* _Exercise aim_
Copy out the listing in full, exactly as written, but not its pictures.

* _Information shown_

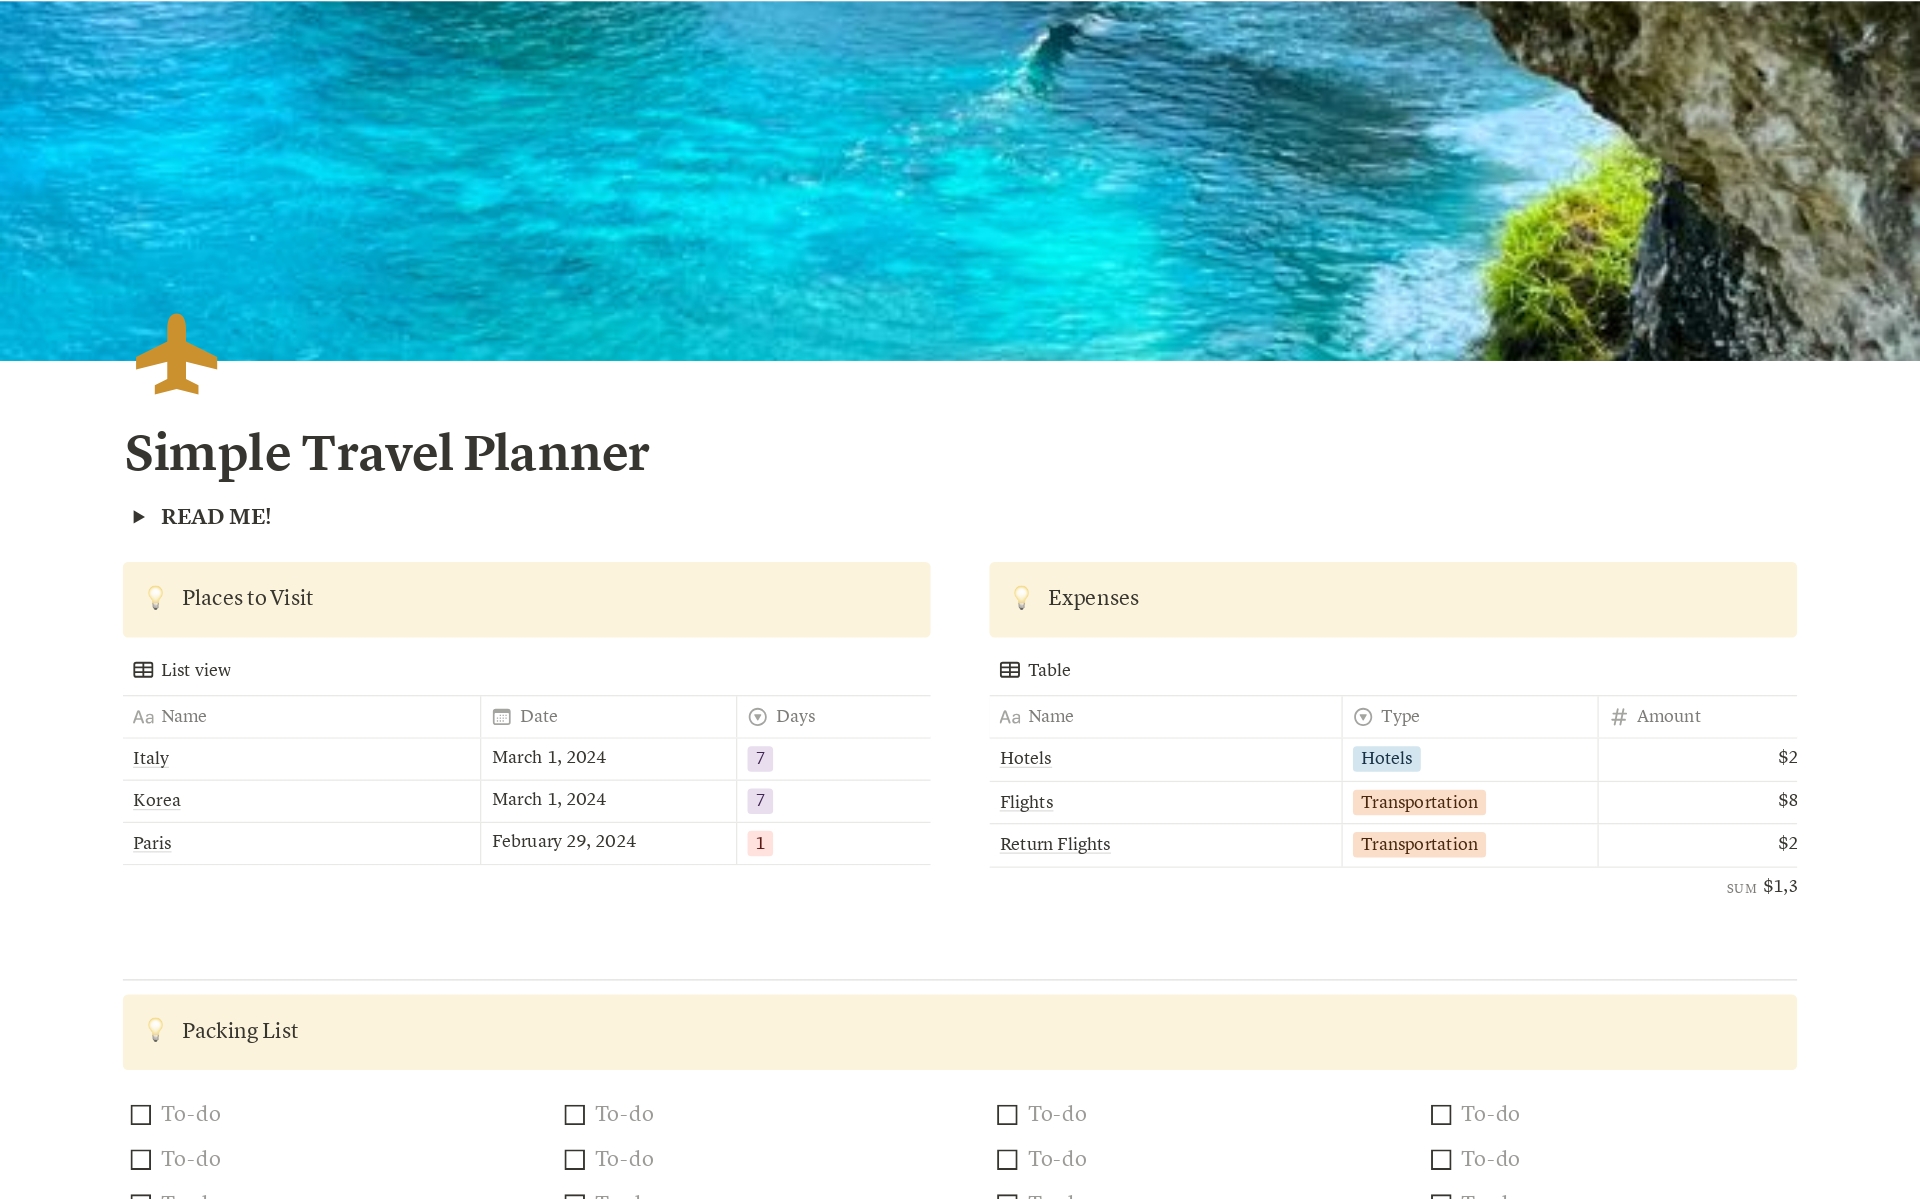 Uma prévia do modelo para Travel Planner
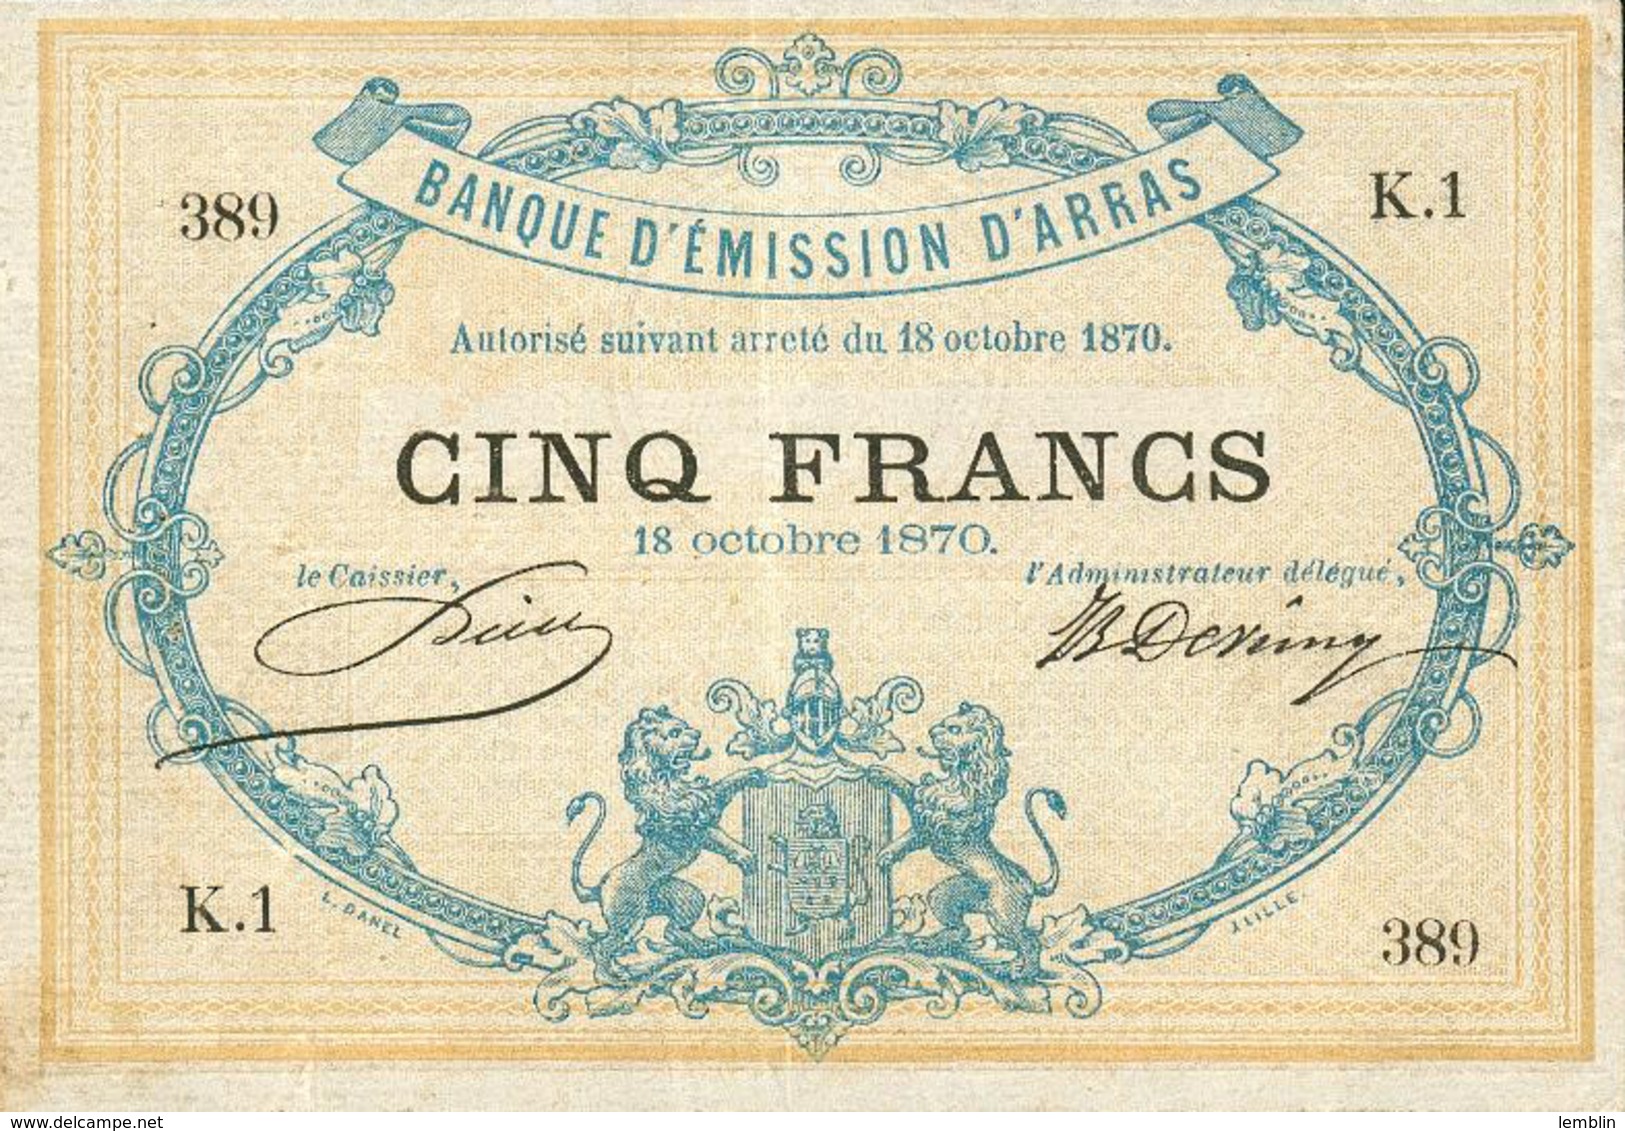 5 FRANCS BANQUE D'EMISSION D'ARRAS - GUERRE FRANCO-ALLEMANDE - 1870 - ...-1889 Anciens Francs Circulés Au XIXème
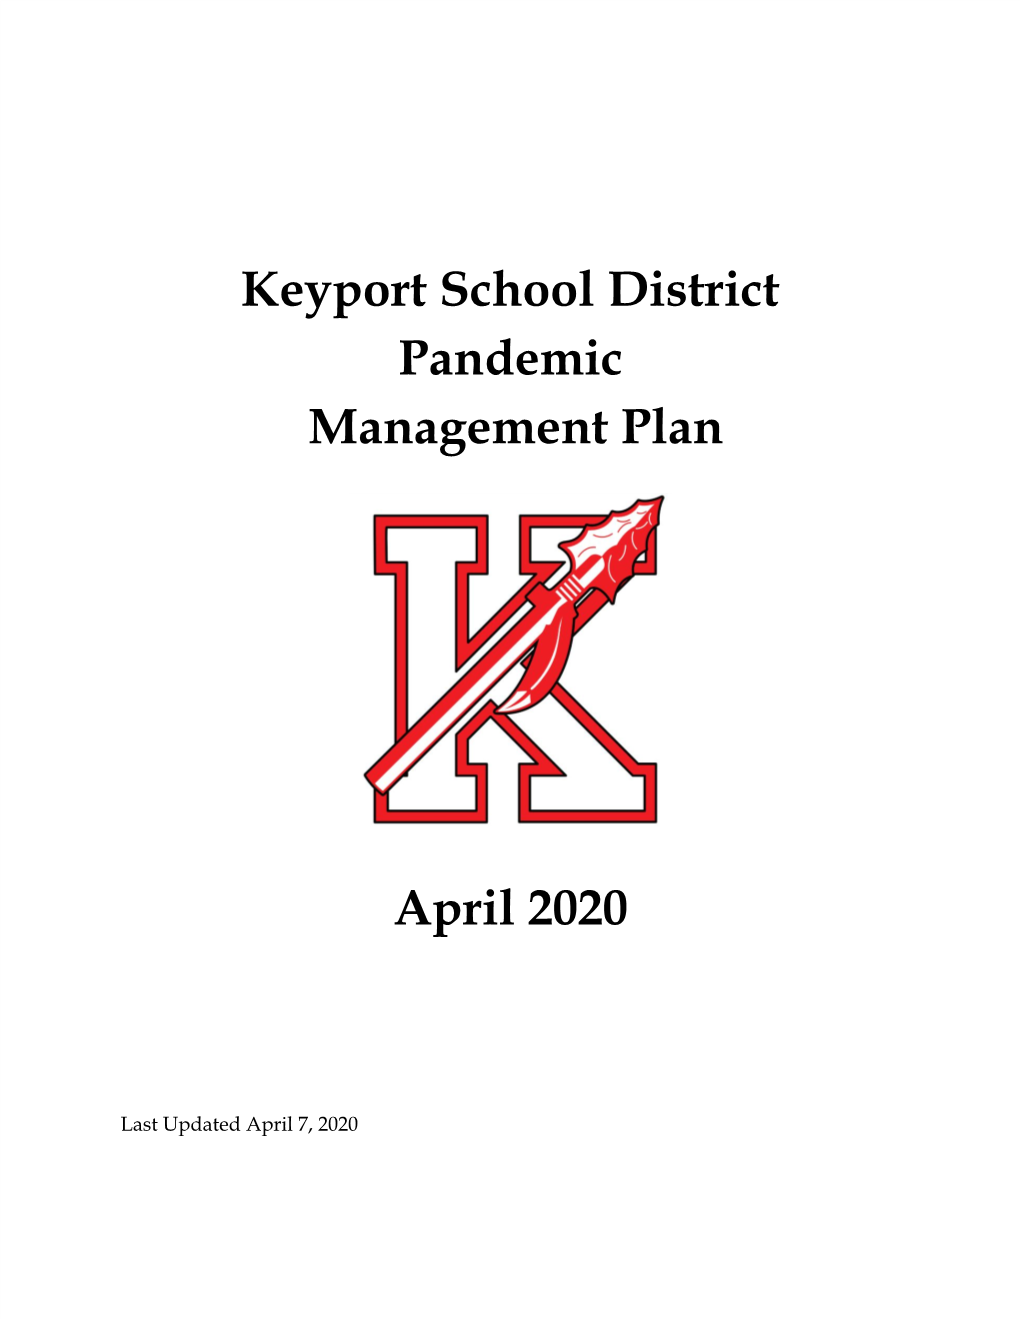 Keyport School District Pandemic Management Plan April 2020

* _Answer section_
 Uma prévia do modelo para Travel Planner
 5 FRANCS BANQUE D'EMISSION D'ARRAS - GUERRE FRANCO-ALLEMANDE - 1870 - ...-1889 Anciens Francs Circulés Au XIXème
 Keyport School District Pandemic Management Plan April 2020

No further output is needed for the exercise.